BBC Radio 4 - Moral Maze, The Morality of Comedy

"With faith in our institutions, apparently, at an all time low, at least, partly because of the relentless scorn of the standups. Is comedy healthy for democracy? Or does it trivialize and caricature the most serious issues we face, dumbing us down and making society itself glibly stupid?...

'Totalitarian authoritarian leaders... don't like comedy because it undermines them'...

‘Shouldn't they make fun of the left as well as berating the right’

‘Yes’

‘And is it your view that they fail in that respect?’

‘That is changing. Comedy, it's funny because in the 70s comedy there was there was a lot of overtly right wing comedians. Jim Davidson, Bernard Manning, those kind of people and then you saw the rise of alternative comedy of which Ben Elton is perhaps the most famous proponent because he was so overtly left wing and his politics.

And what kind of happened in comedy in the 90s and the noughties is that the left had kind of took the moral high ground and anyone who stood for right wing values, because of the denigration that Thatcher came under, anyone who took the right wing viewpoint was just abused and smeared and undermined… what you tend to find with right wing comics or comics who believed in non kind of Guardian left reading values was that they just kept their politics to themselves because they wanted to get booked again. So you tend to find that the right wing politics tend to do things like absurdist humor or tell stories but they don't do overtly political jokes’...

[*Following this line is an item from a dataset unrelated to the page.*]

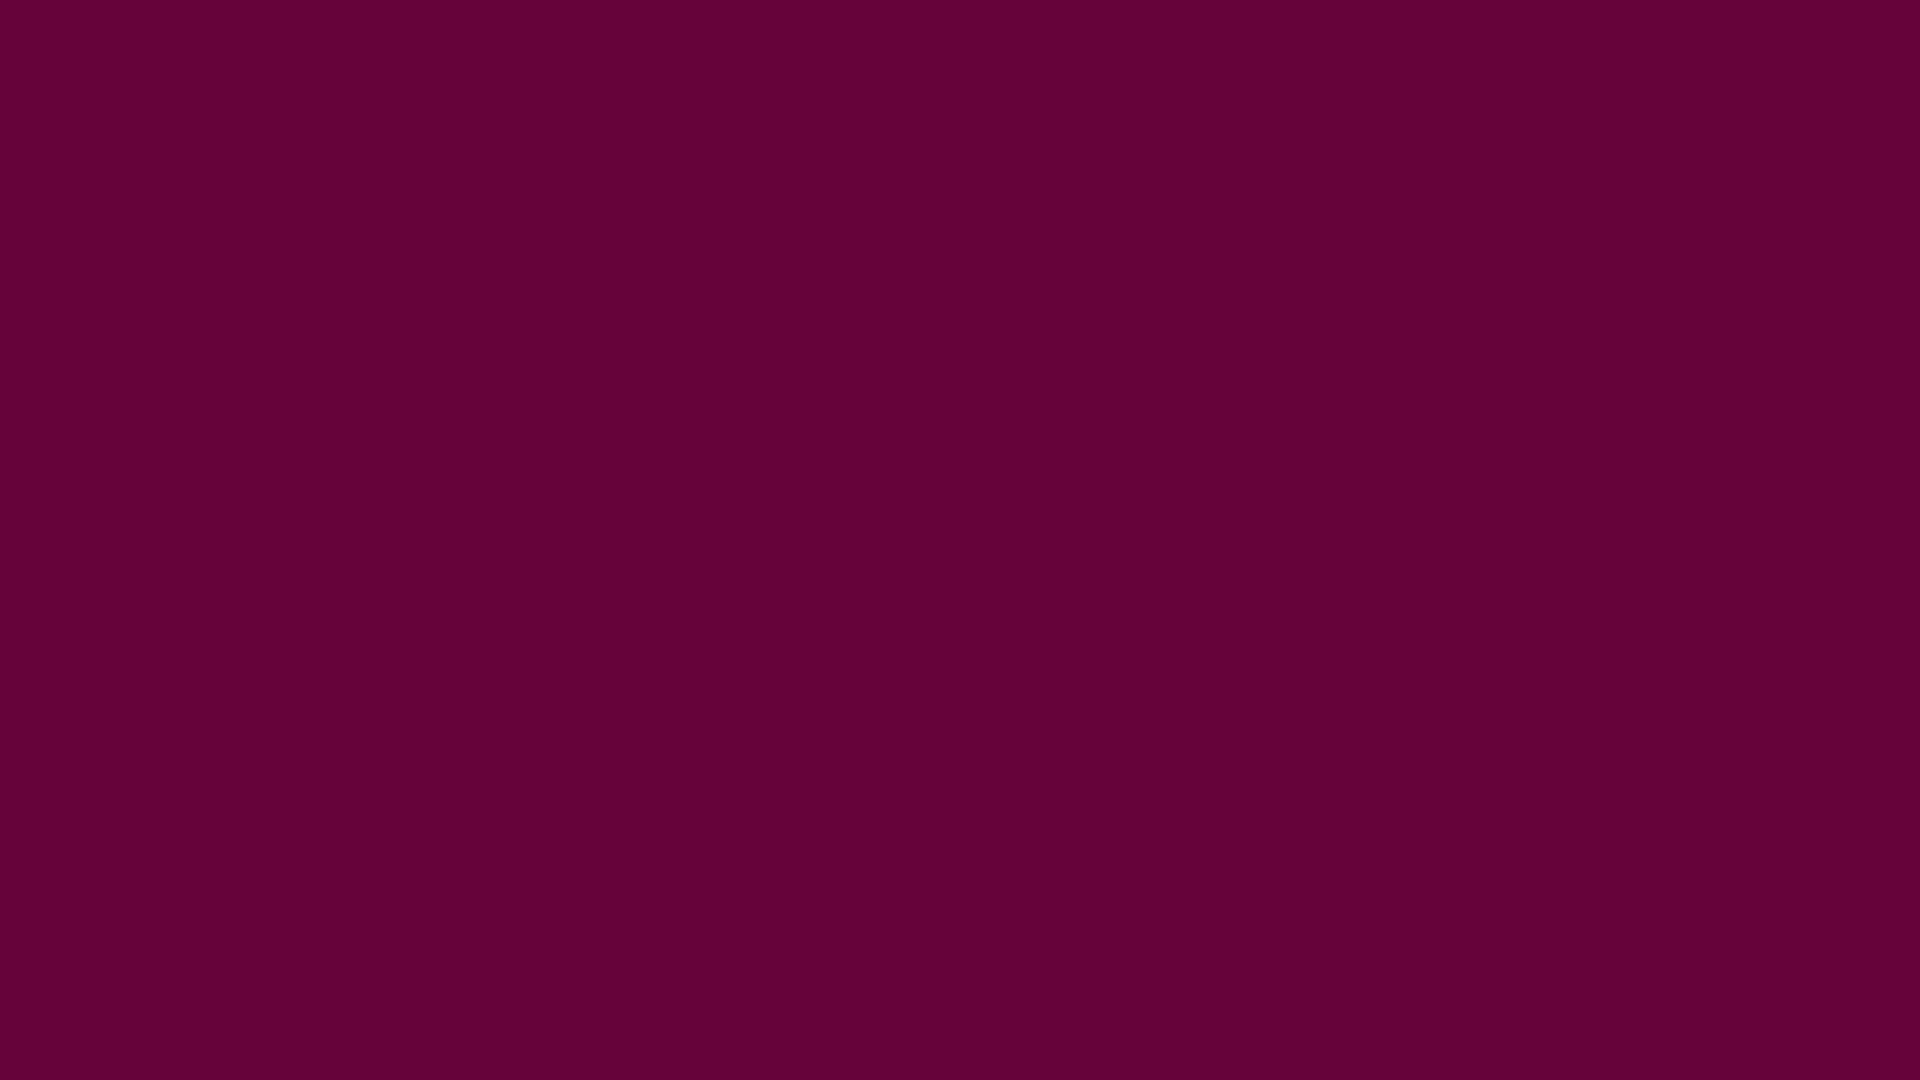 1920x1080-imperial-purple-solid-color-background.jpg

‘On Brexit, comedians and satirists mainly line up with remain. They line up alongside the bankers, the CBI, The Financial Times, so they're lined up with the establishment. Doesn’t that strike you as rather funny?’

‘It strikes me as not only funny, it strikes me as deeply hypocritical. And it is a failing of comedy. And you're starting to see now, only now with Brexit that it has become acceptable to utter kind of non left values that you're starting to see other voices appear. And it's a great tragedy. And it's been a great failing of comedy, because comedy is supposed to be a bastion of free speech.’...

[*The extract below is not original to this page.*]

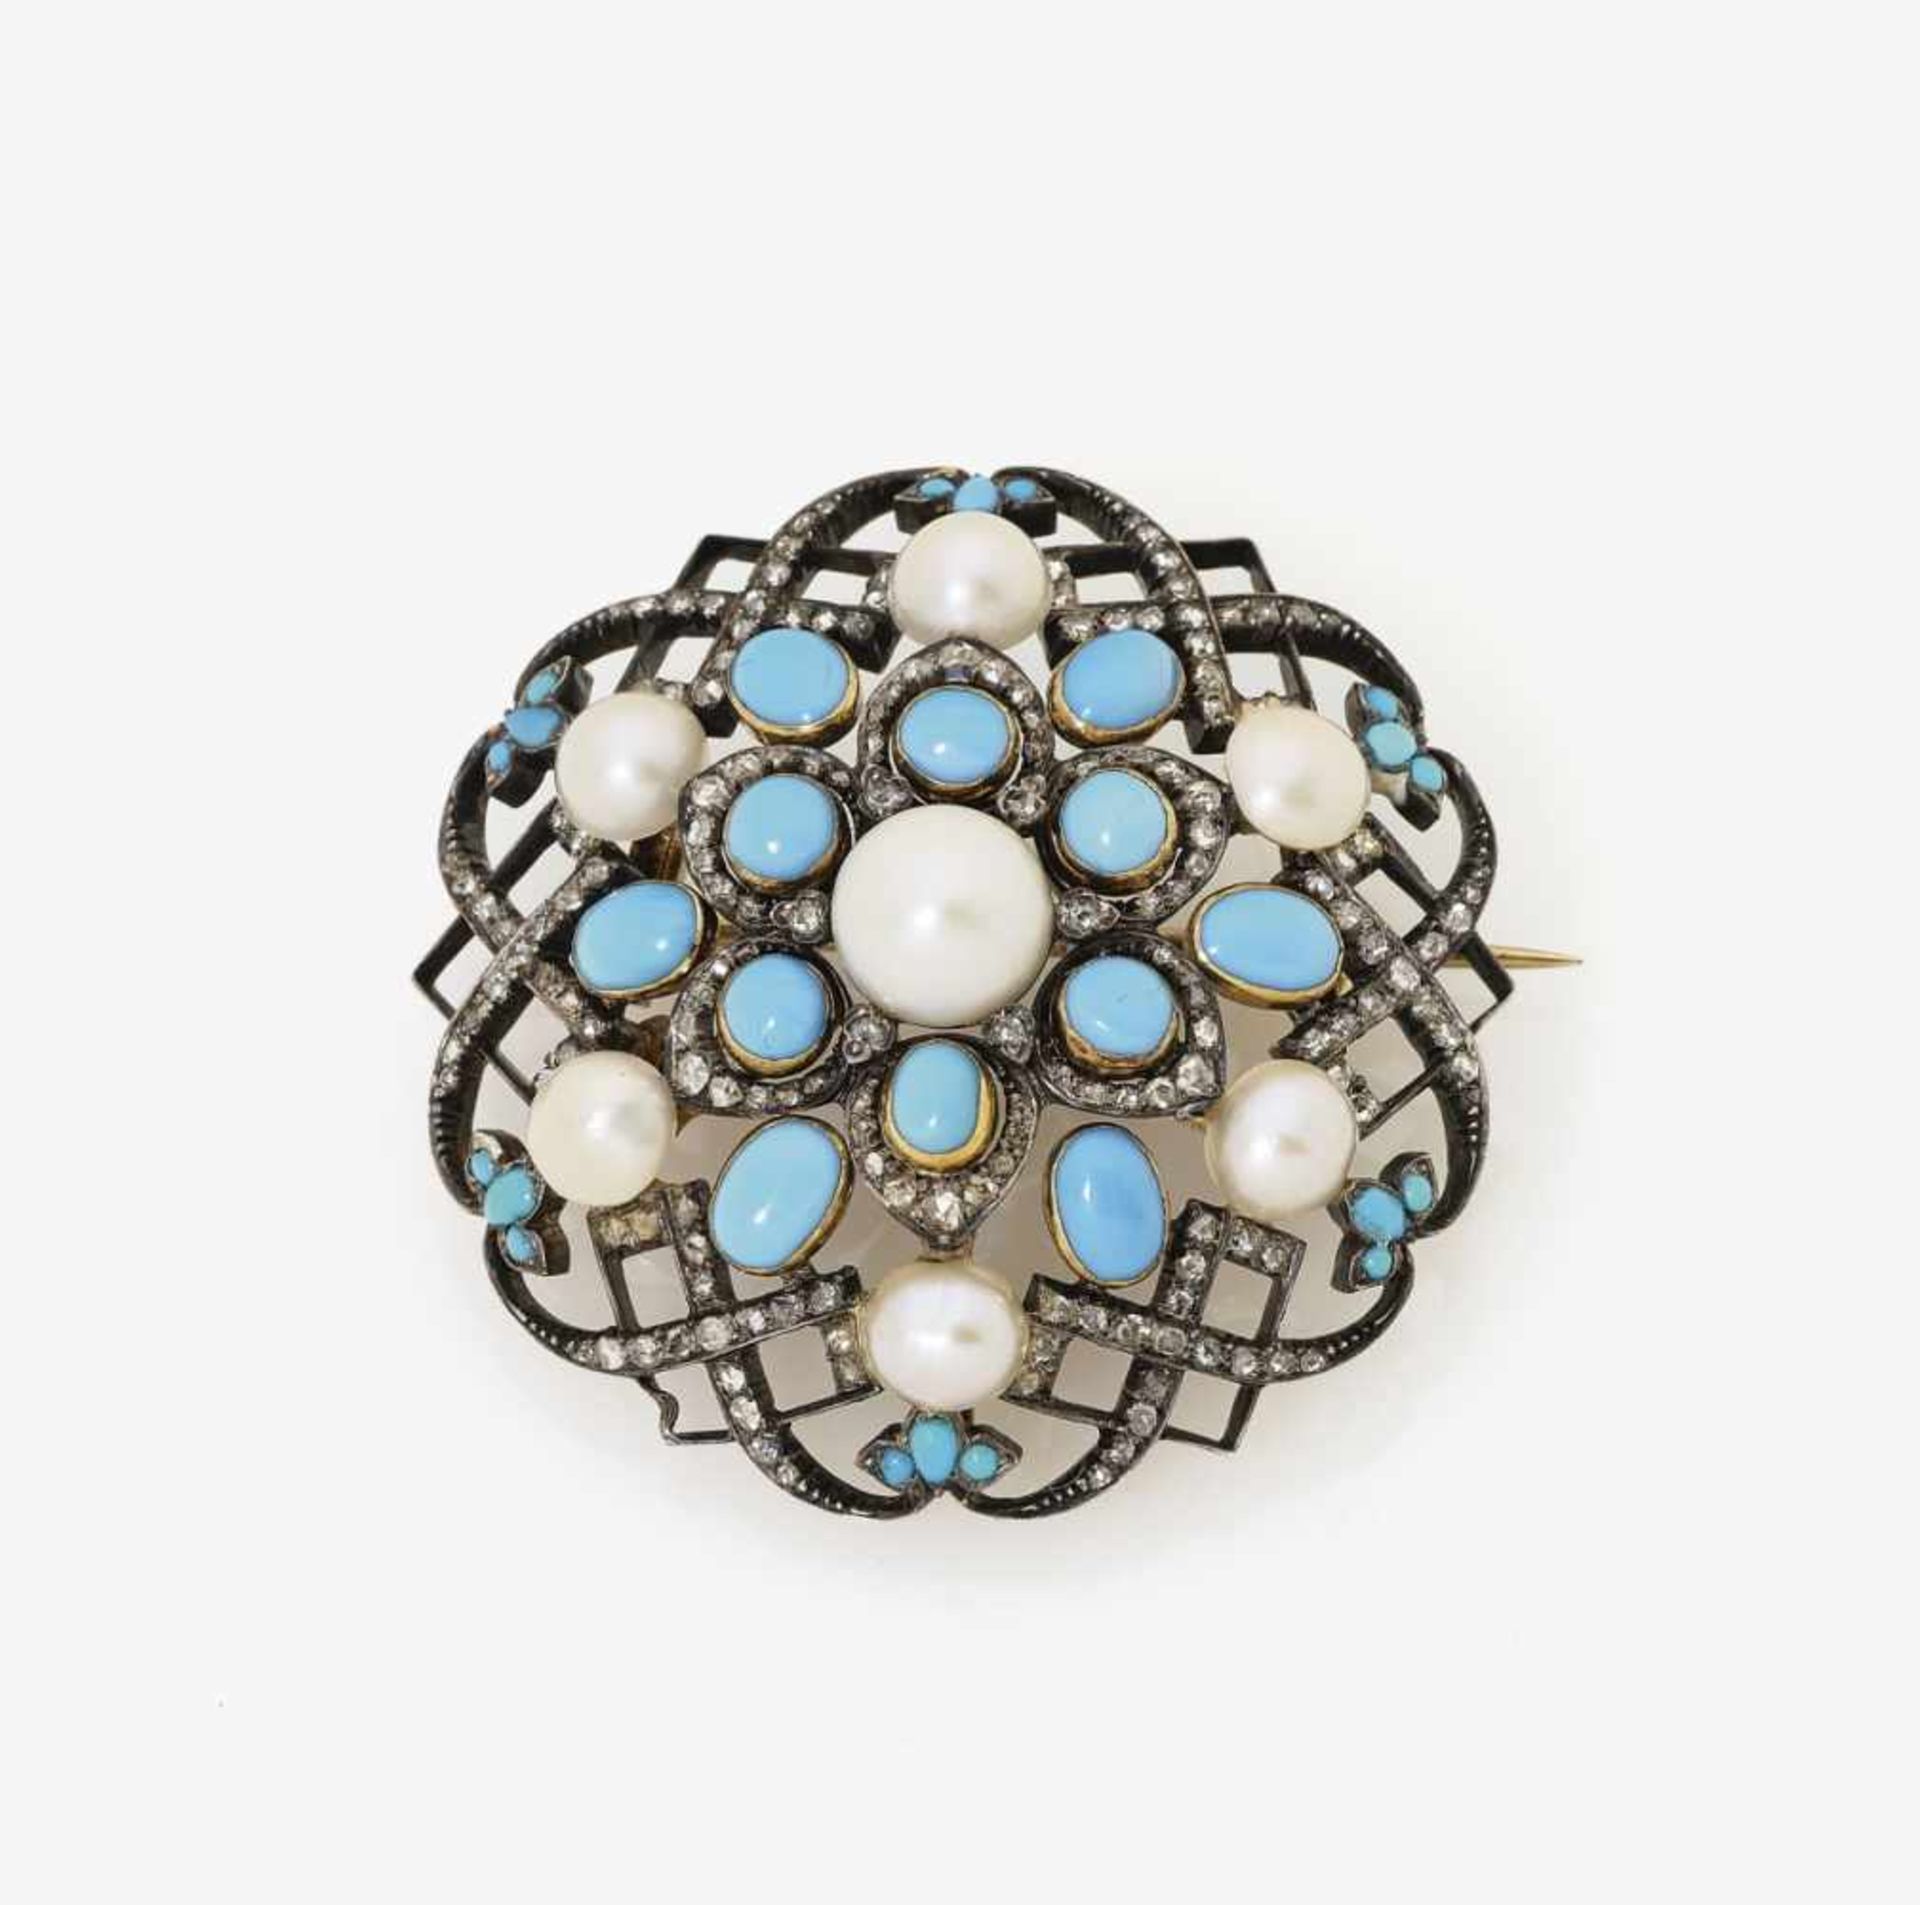 A Turquoise, Seed Pearl and Diamond BroochFrance, circa 1880 18K gold (750/-) and silver, tested.

‘Effective comedy makes us think’...

‘If you look at the research what's quite good in some ways and quite worrying is that young people now don't turn to the news for their political knowledge, they turn to comedians, mockumentaries, late night comedy shows. Now that's good in some ways. But the research also shows that that viewing has a real influence on those young people's political attitudes. And a lot of the time it switches them off of politics.’...

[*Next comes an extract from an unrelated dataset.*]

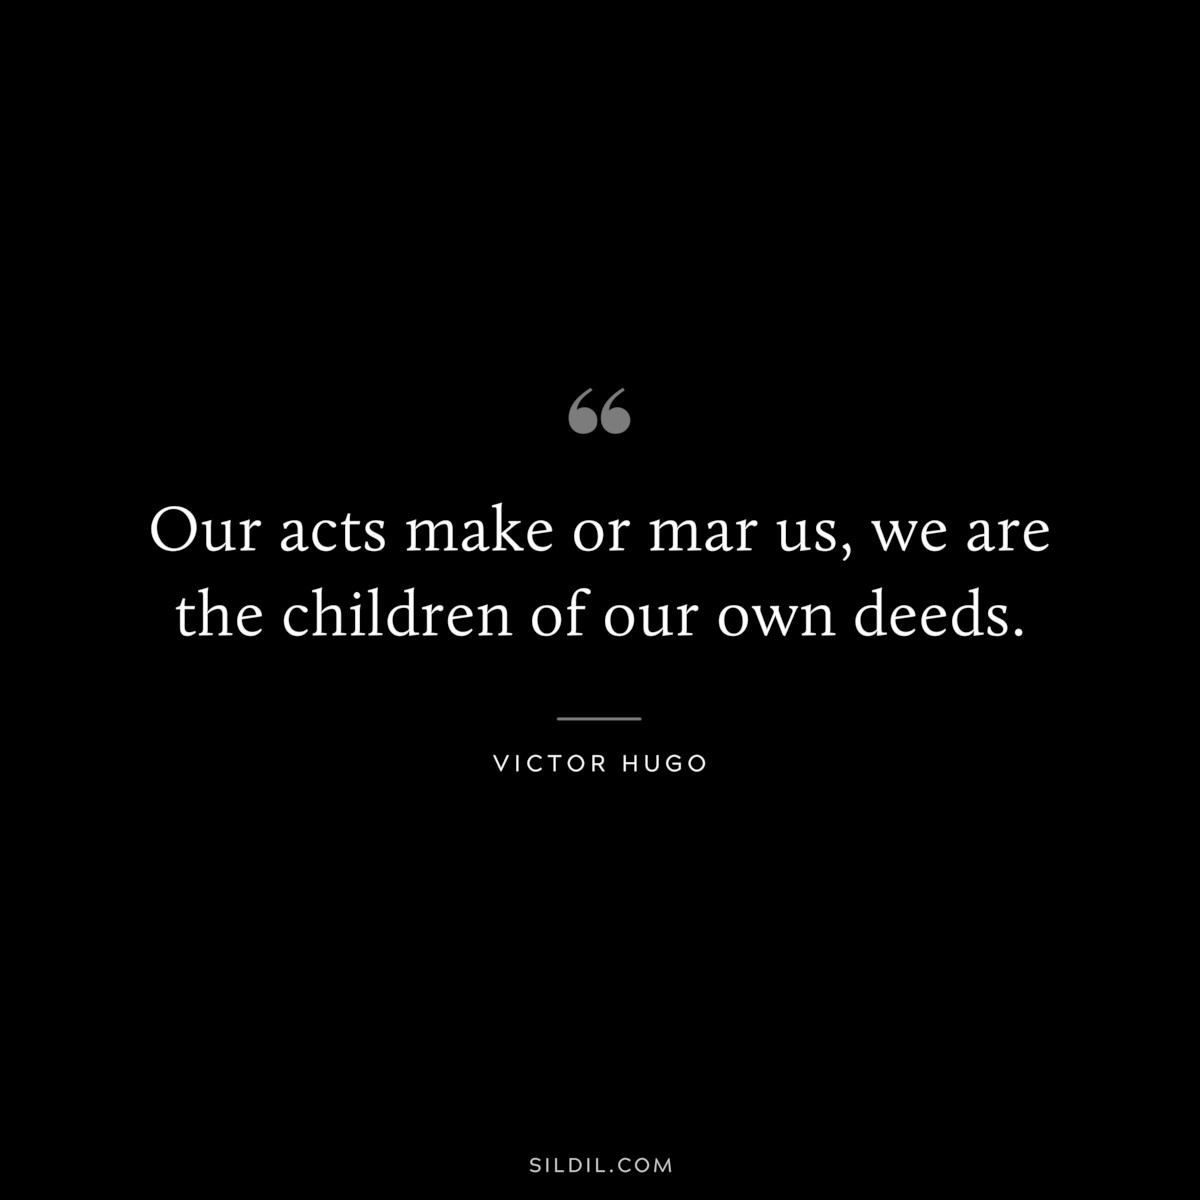 Our acts make or mar us, we are the children of our own deeds.― Victor Hugo

‘I don't think being snarky has any skill to it at all. I think being snarky is easy. Attacking politicians is like shooting fish in a tank. It's easy, it's cheap laughs. We can do it all day long, 247. What is more difficult is educated, deep reflective satire that as you quite correctly say makes people think on the way home in the car after they've had a good laugh’...

One of the things that people say for comedy in a kind of political context is that it's, it's subversive. But I wonder whether actually watching comedy is an incredibly safe and actually rather smug way of feeling, you're feeling that you’re clever and subversive, and then returning to your semi detached house and not challenging anything at all... we’ve reached the stage where people respect a capacity to be funny more than they respect their capacity to engender hope or to be genuinely challenging...

'I wonder whether we’re just addicted to comedy, actually, because it makes us feel good about ourselves and in some ways it's a replacement for other things that we might be doing that could be more useful'"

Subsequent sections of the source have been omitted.